• What you should do: Exact transcript, pictures excluded: write out every record below.

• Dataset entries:
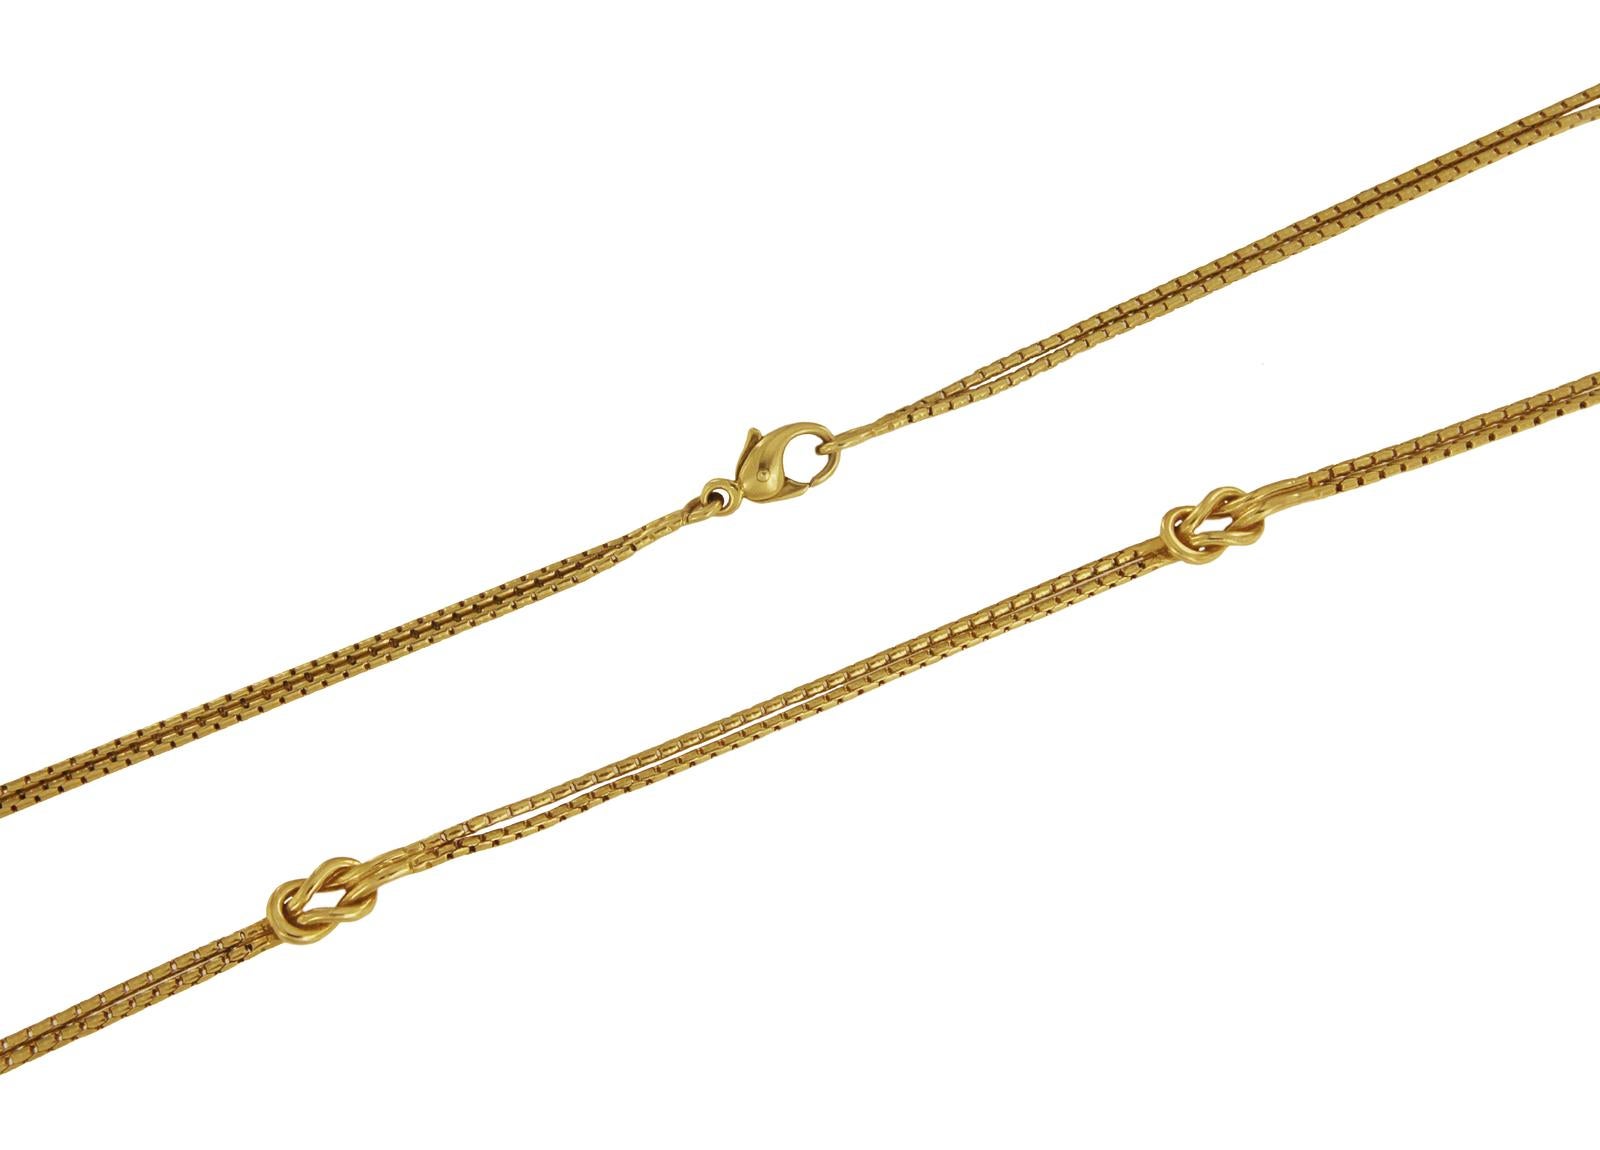 GUCCI 18K YELLOW GOLD KNOT DOUBLE CHAIN.

Mint condition
18k Yellow Gold
Chain length: 28”
Width: 2.7mm
Weight: 25gr

• Exercise output:
 GUCCI 18K YELLOW GOLD KNOT DOUBLE CHAIN.

Mint condition
18k Yellow Gold
Chain length: 28”
Width: 2.7mm
Weight: 25gr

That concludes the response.